GIVEN MATERIAL:
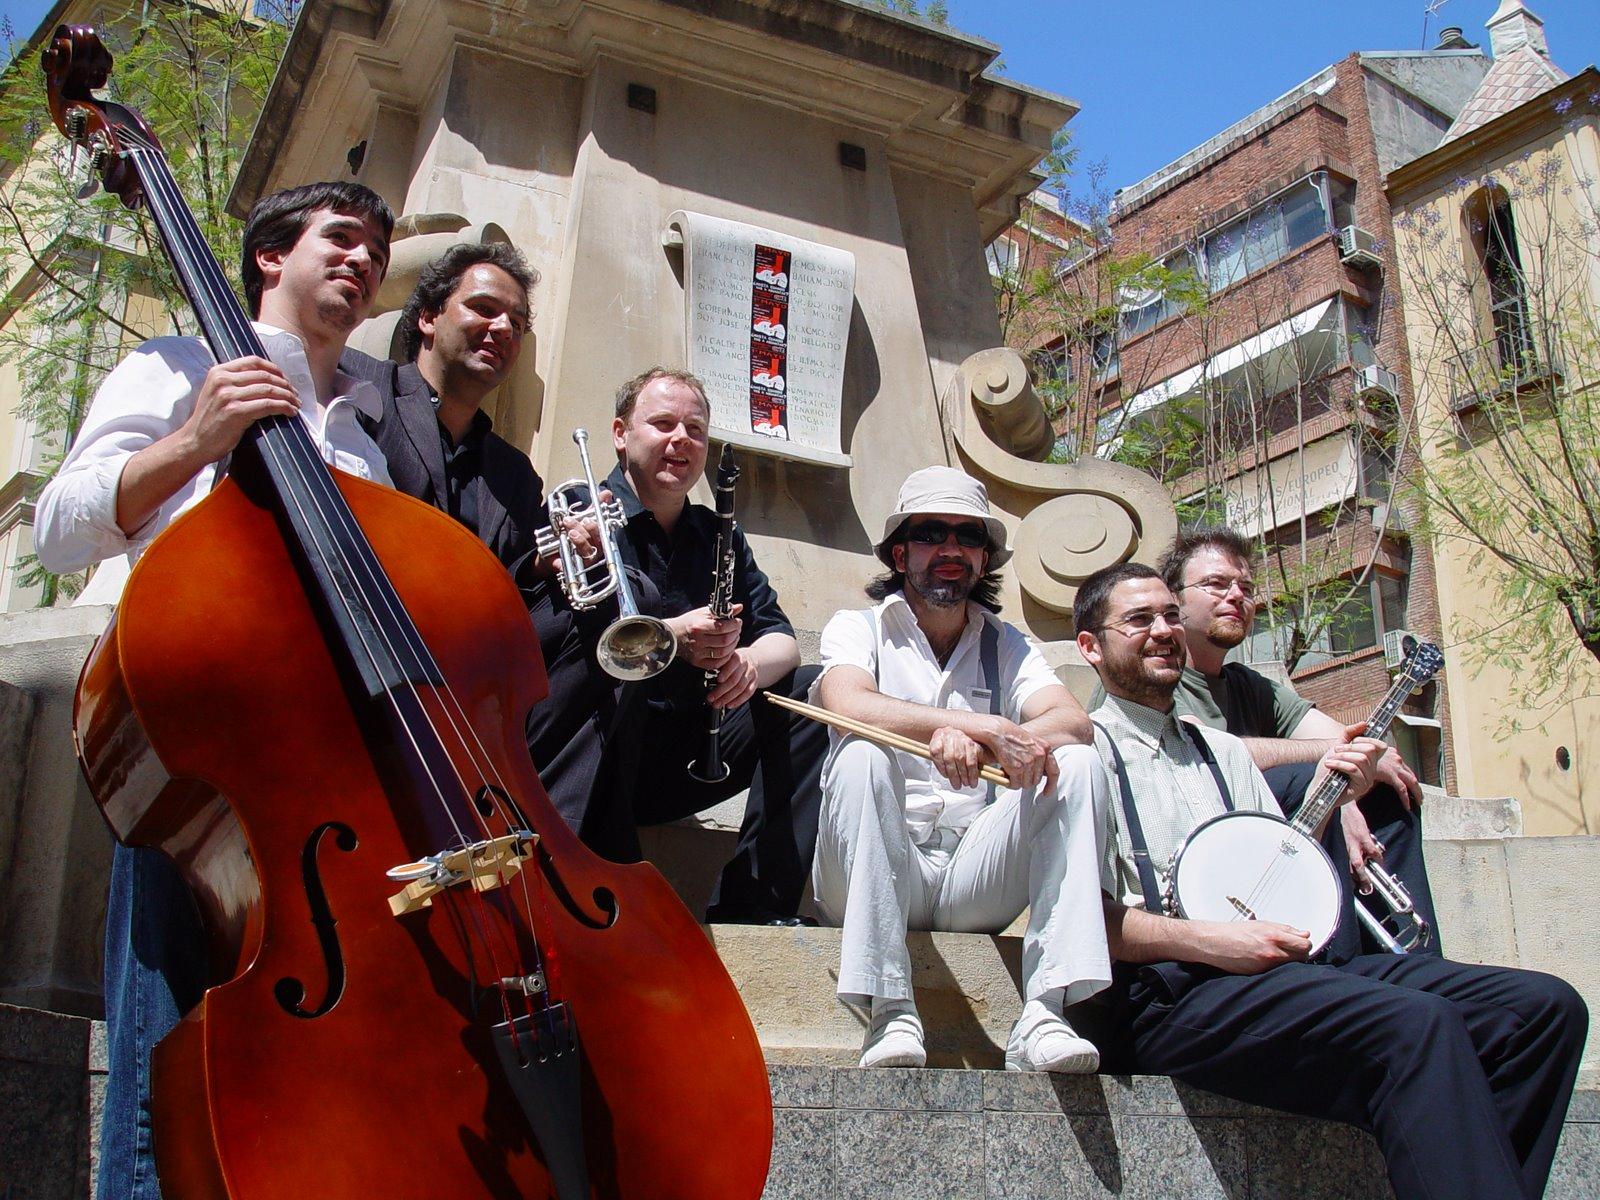 Los Hot5 en el Festival internacional de Jazz de Murcia 2007
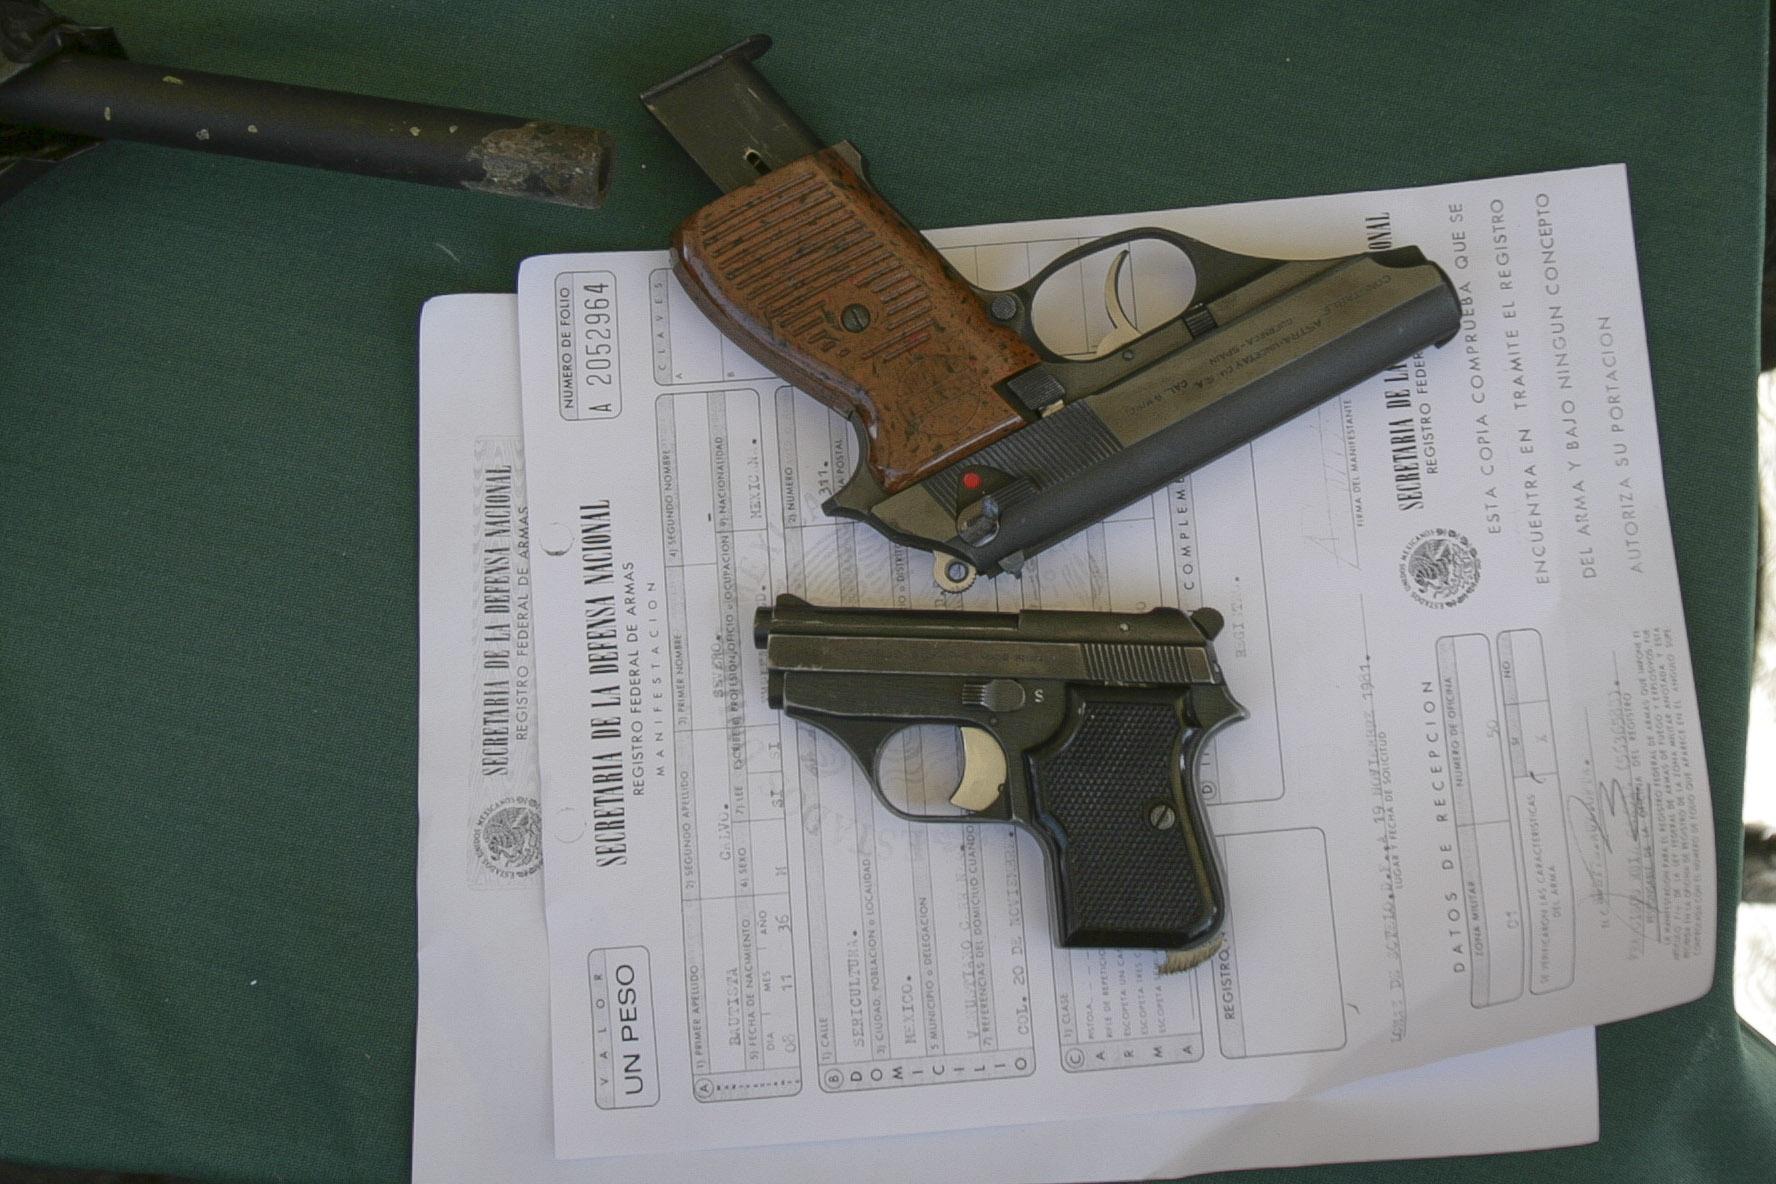 Expertos alertaron que sería un error permitir el uso de armas en vehículos y negocios. Foto: Juan Pablo Zamora, Cuartoscuro
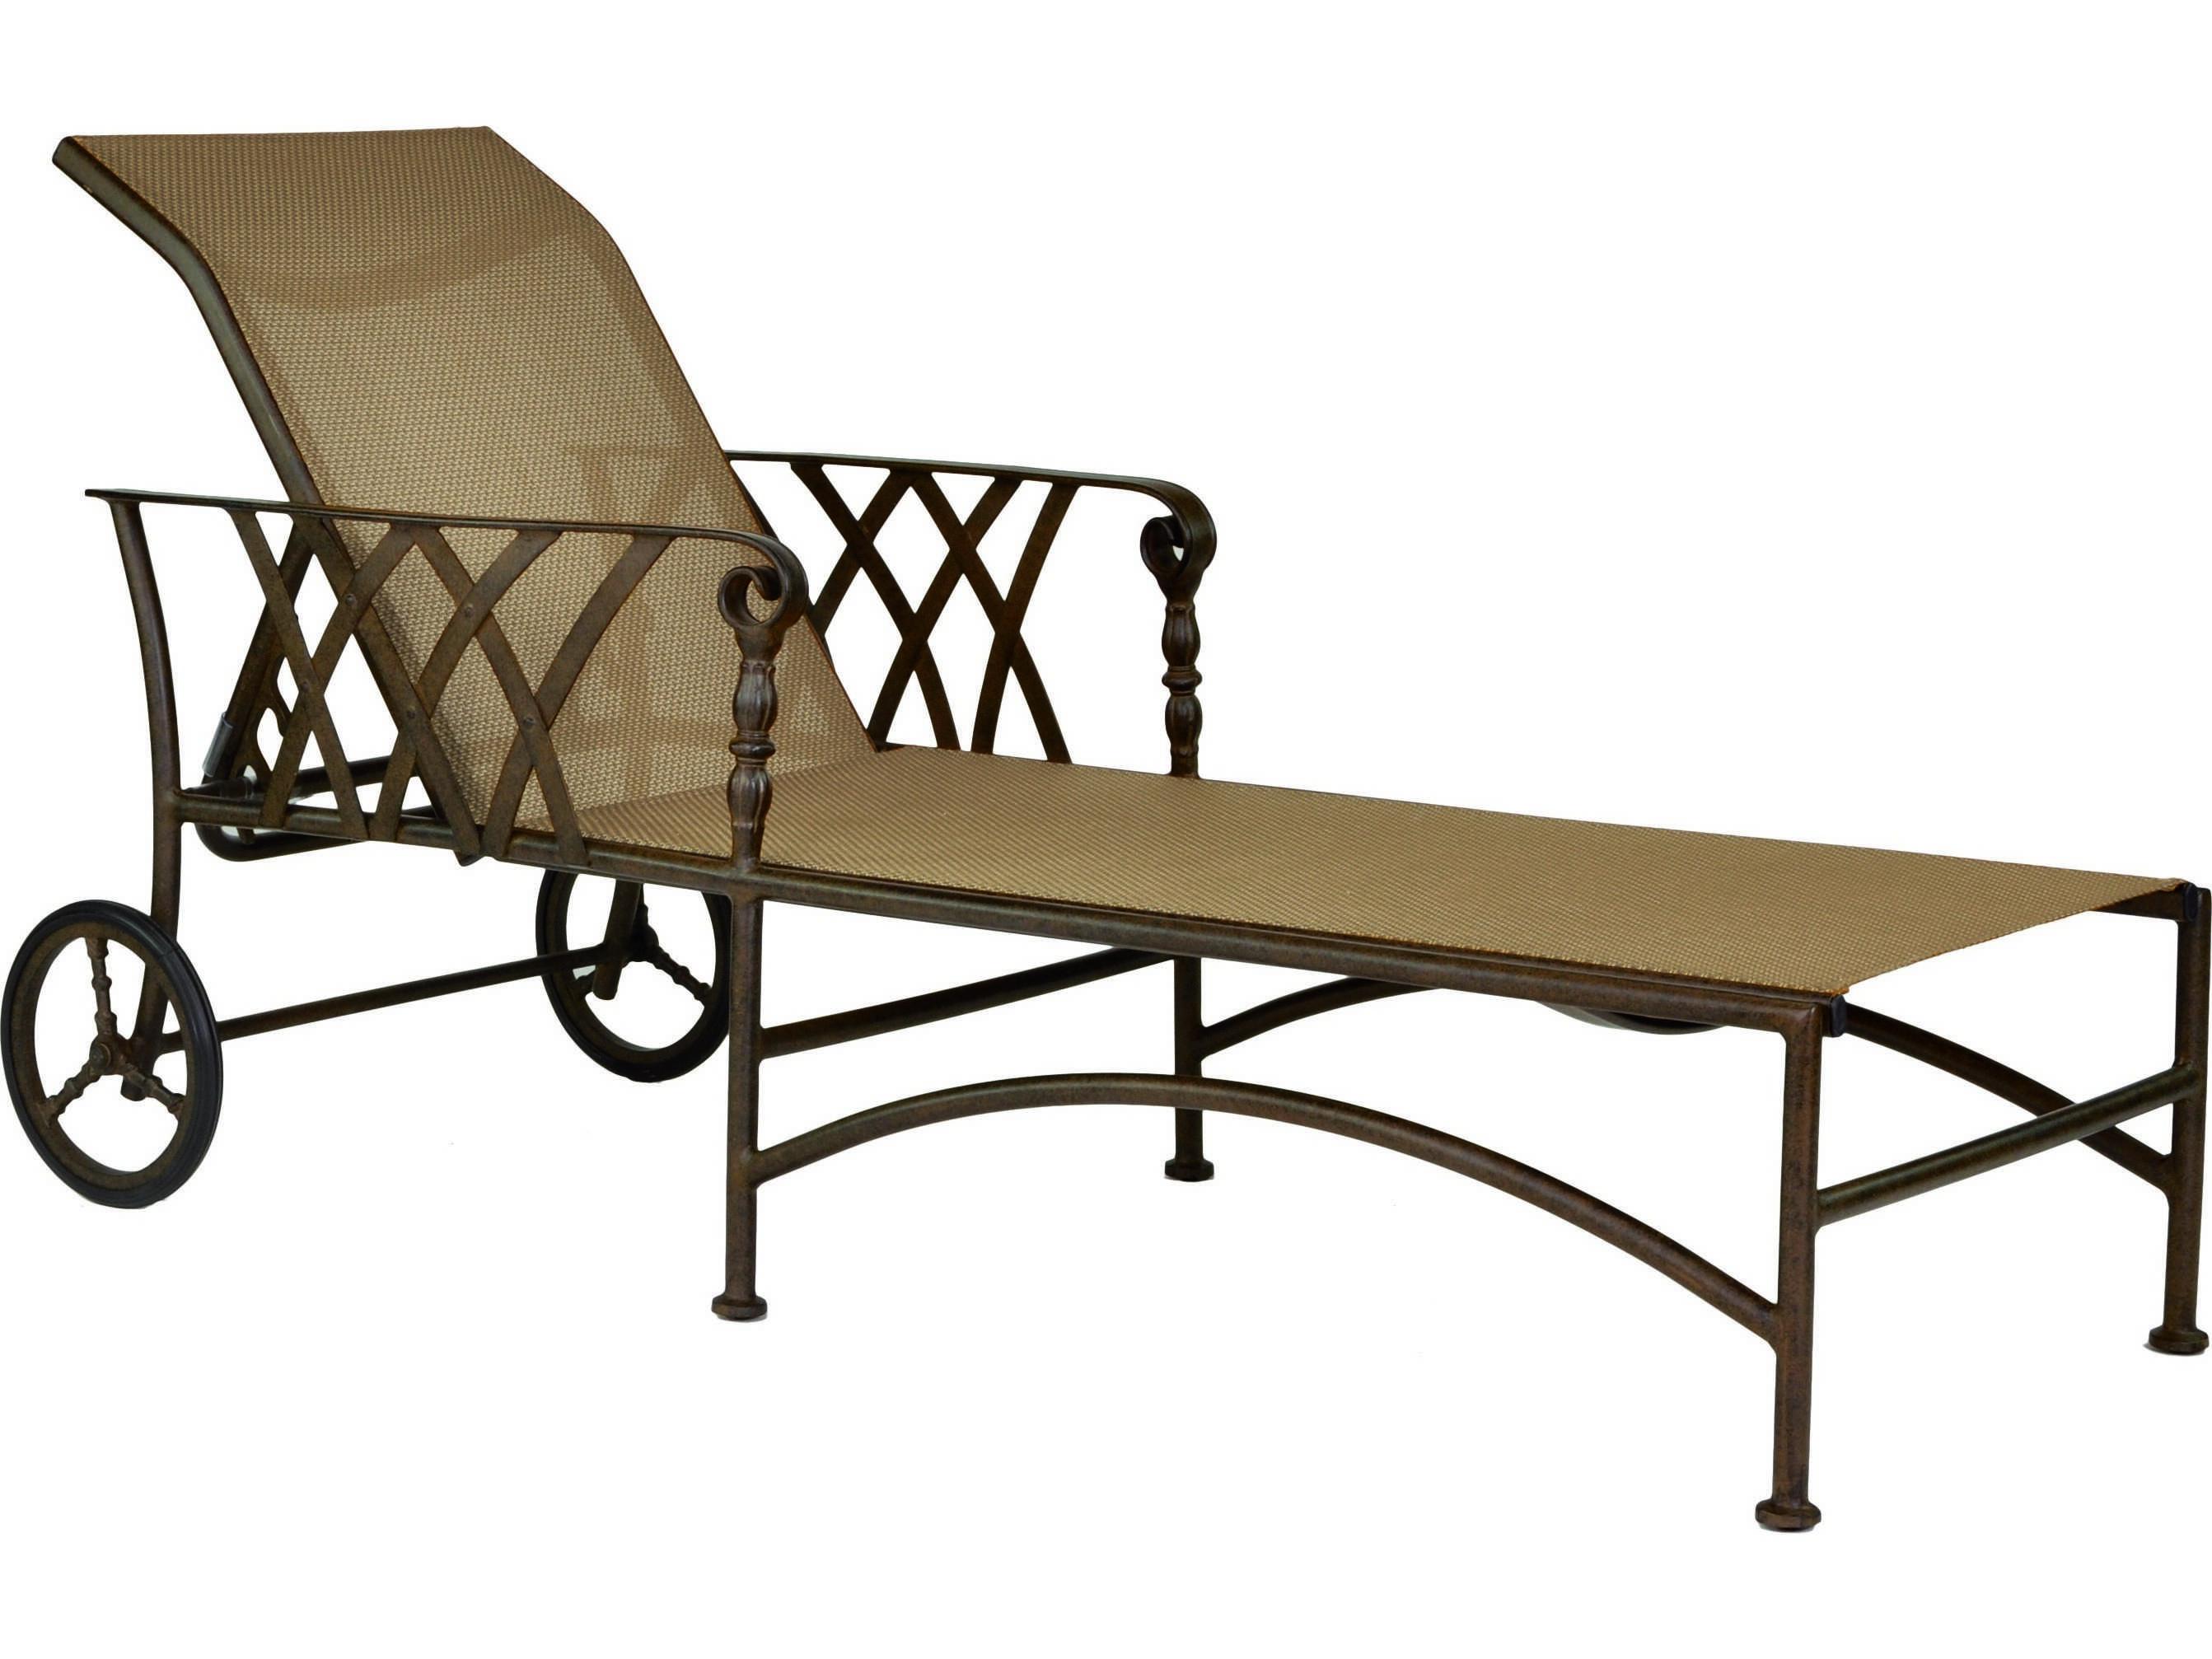 Castelle veranda sling cast aluminum adjustable chaise for Cast aluminum chaise lounge

WHAT TO PRODUCE: Only the lines from the one containing "Expertos alertaron que" through the final line of the listing should be reproduced, exactly and with no pictures.

YOUR SOLUTION:
 Expertos alertaron que sería un error permitir el uso de armas en vehículos y negocios. Foto: Juan Pablo Zamora, Cuartoscuro
 Castelle veranda sling cast aluminum adjustable chaise for Cast aluminum chaise lounge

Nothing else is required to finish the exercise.